* [Supplied entries]:
-=-=-
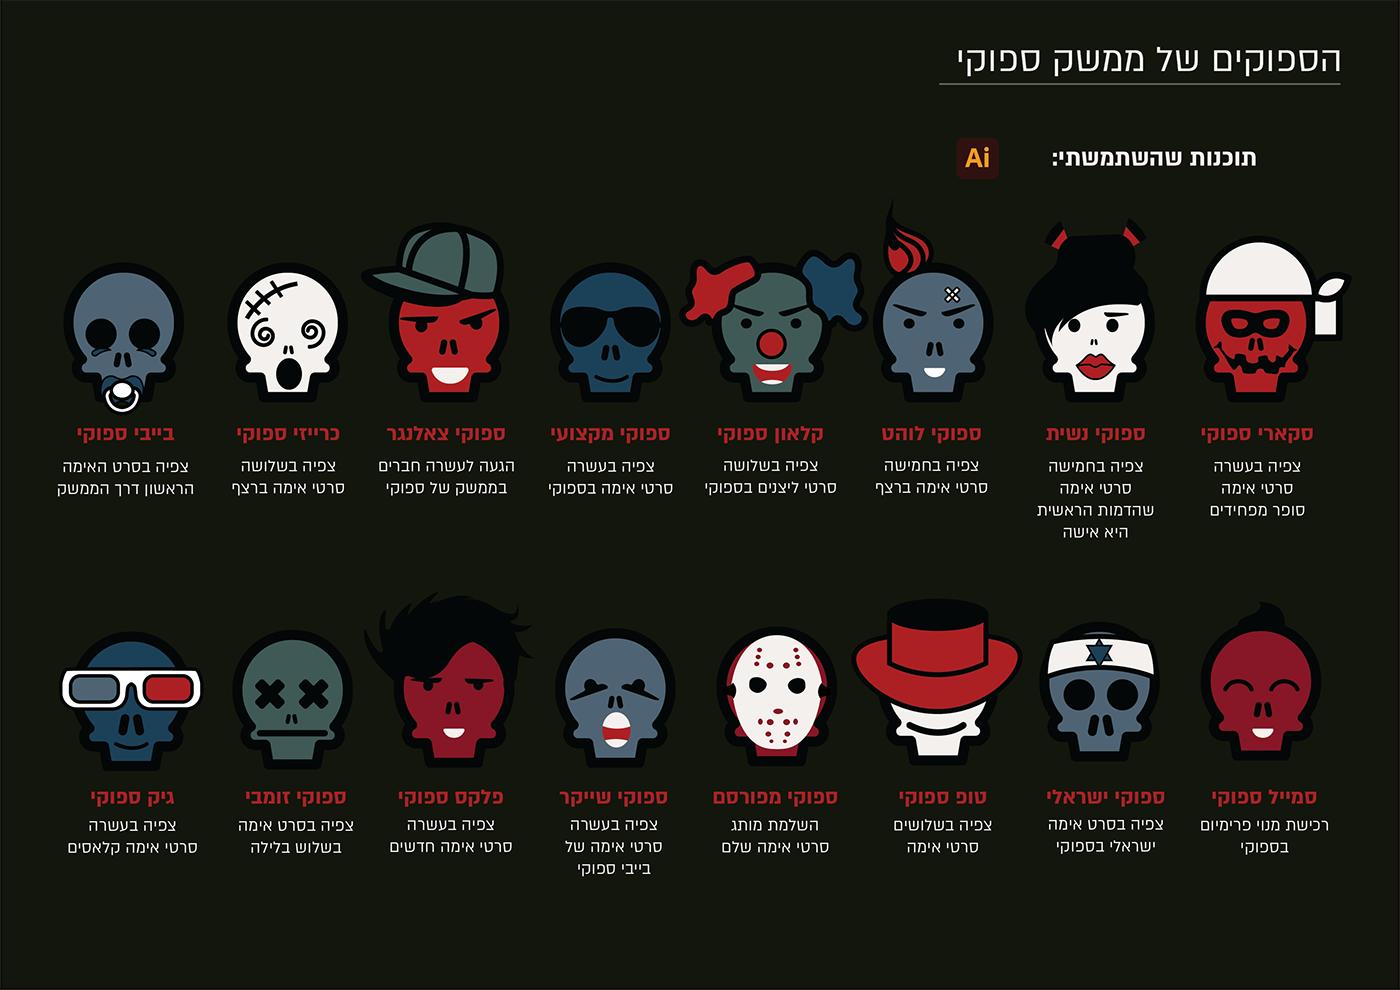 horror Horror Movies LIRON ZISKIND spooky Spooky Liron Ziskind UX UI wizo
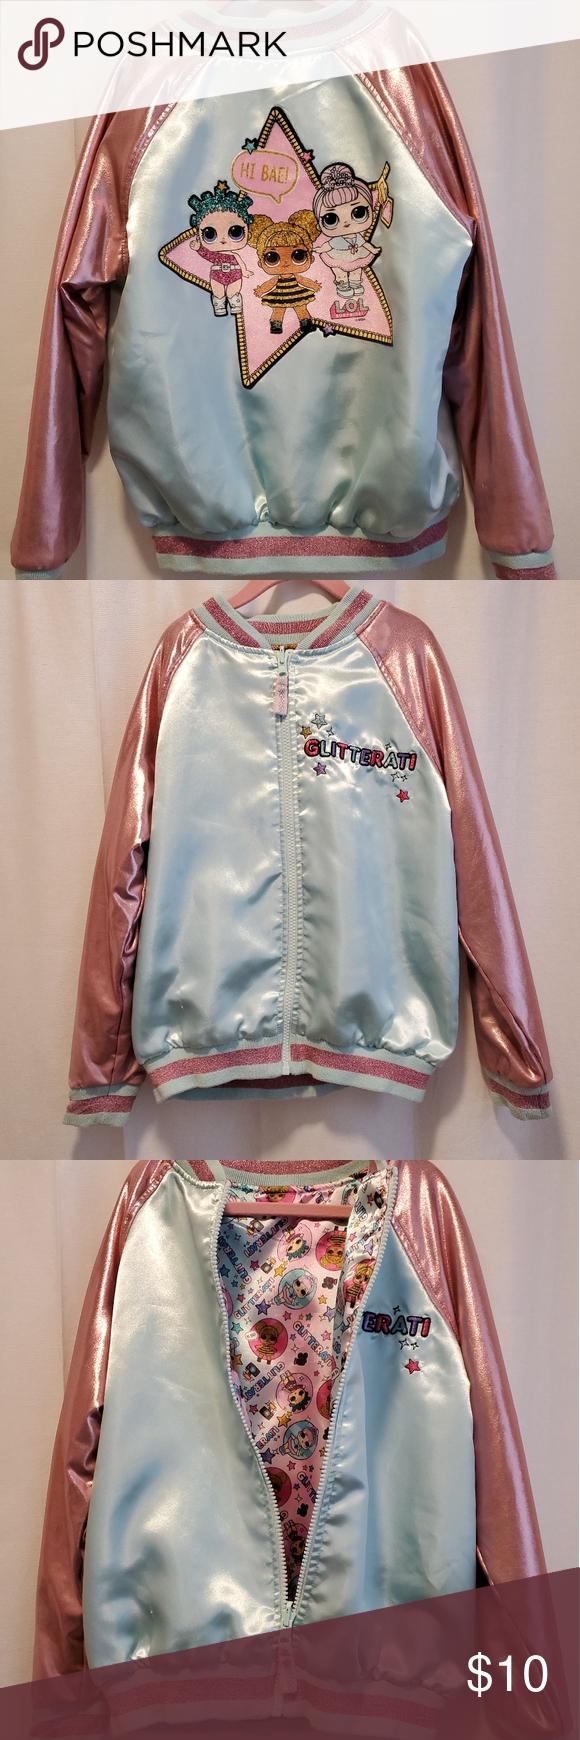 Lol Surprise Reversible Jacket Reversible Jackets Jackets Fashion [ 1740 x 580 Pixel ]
-=-=-
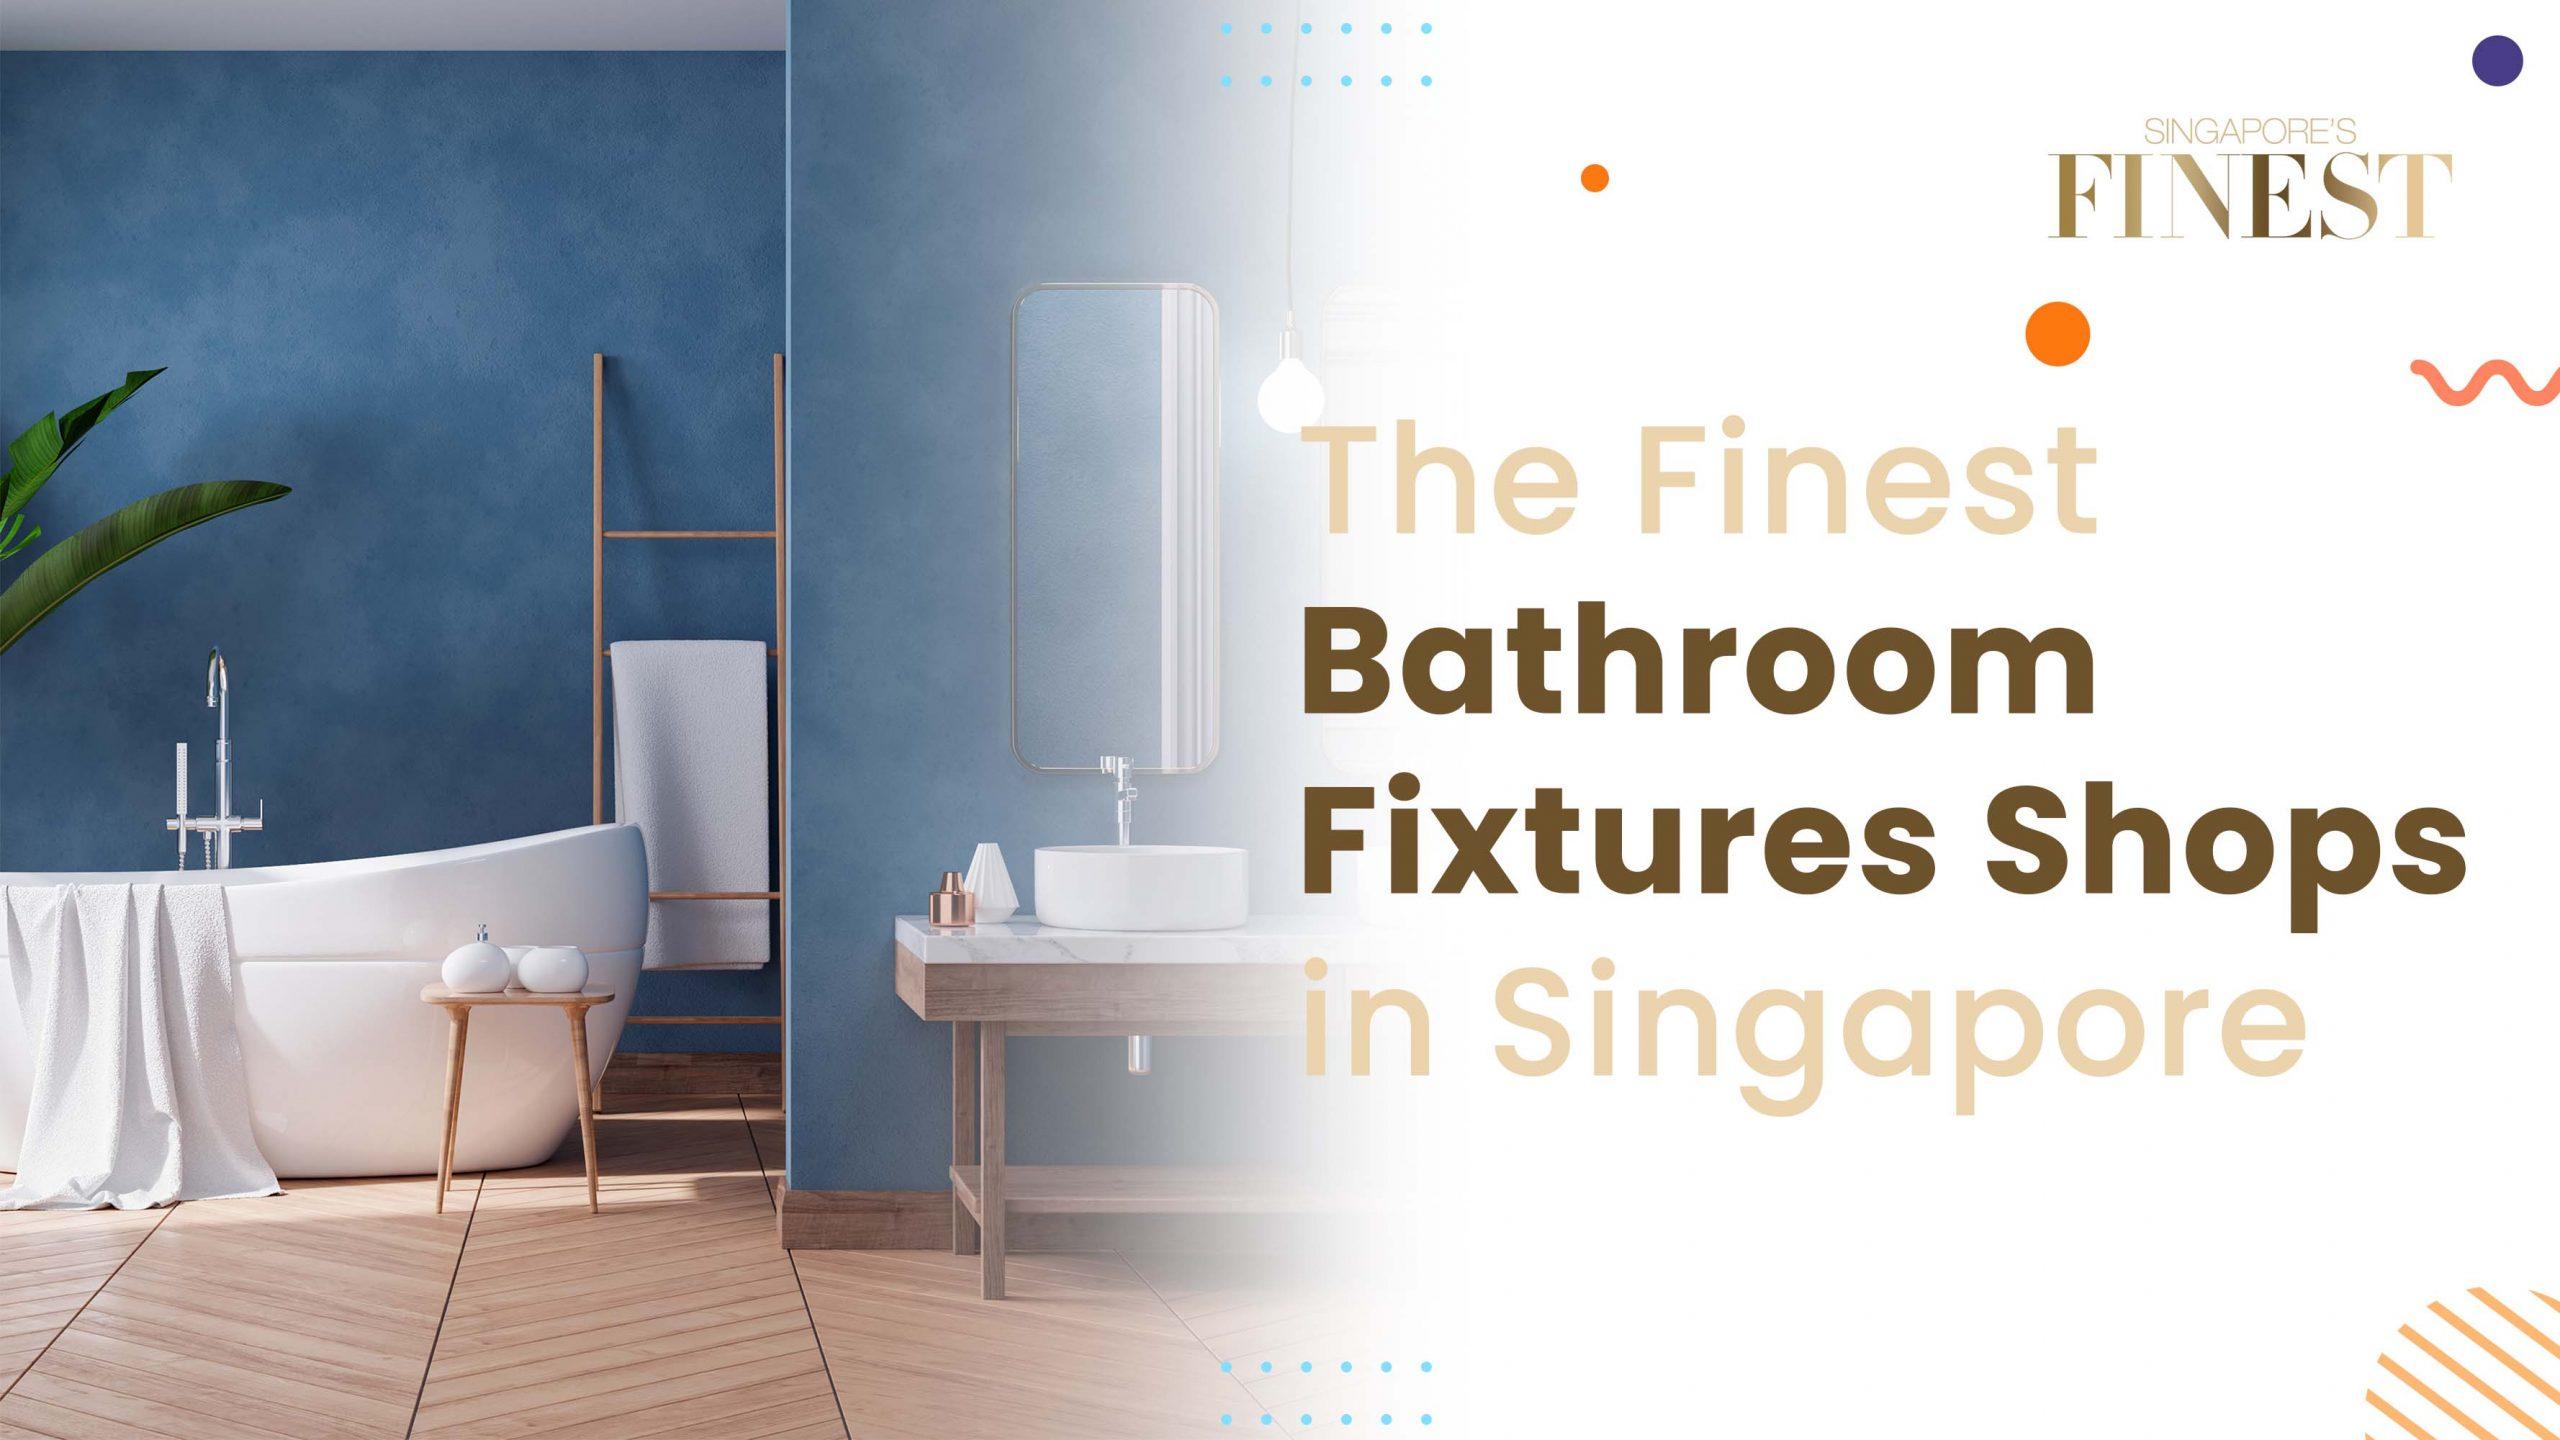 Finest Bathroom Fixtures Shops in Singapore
-=-=-
* [Exercise aim]: Set the pictures aside and transcribe exactly the stretch of lines above, beginning with the one holding "horror Horror Movies" and ending with the one holding "Lol Surprise Reversible".

* [Solved exercise]:
 horror Horror Movies LIRON ZISKIND spooky Spooky Liron Ziskind UX UI wizo
 Lol Surprise Reversible Jacket Reversible Jackets Jackets Fashion [ 1740 x 580 Pixel ]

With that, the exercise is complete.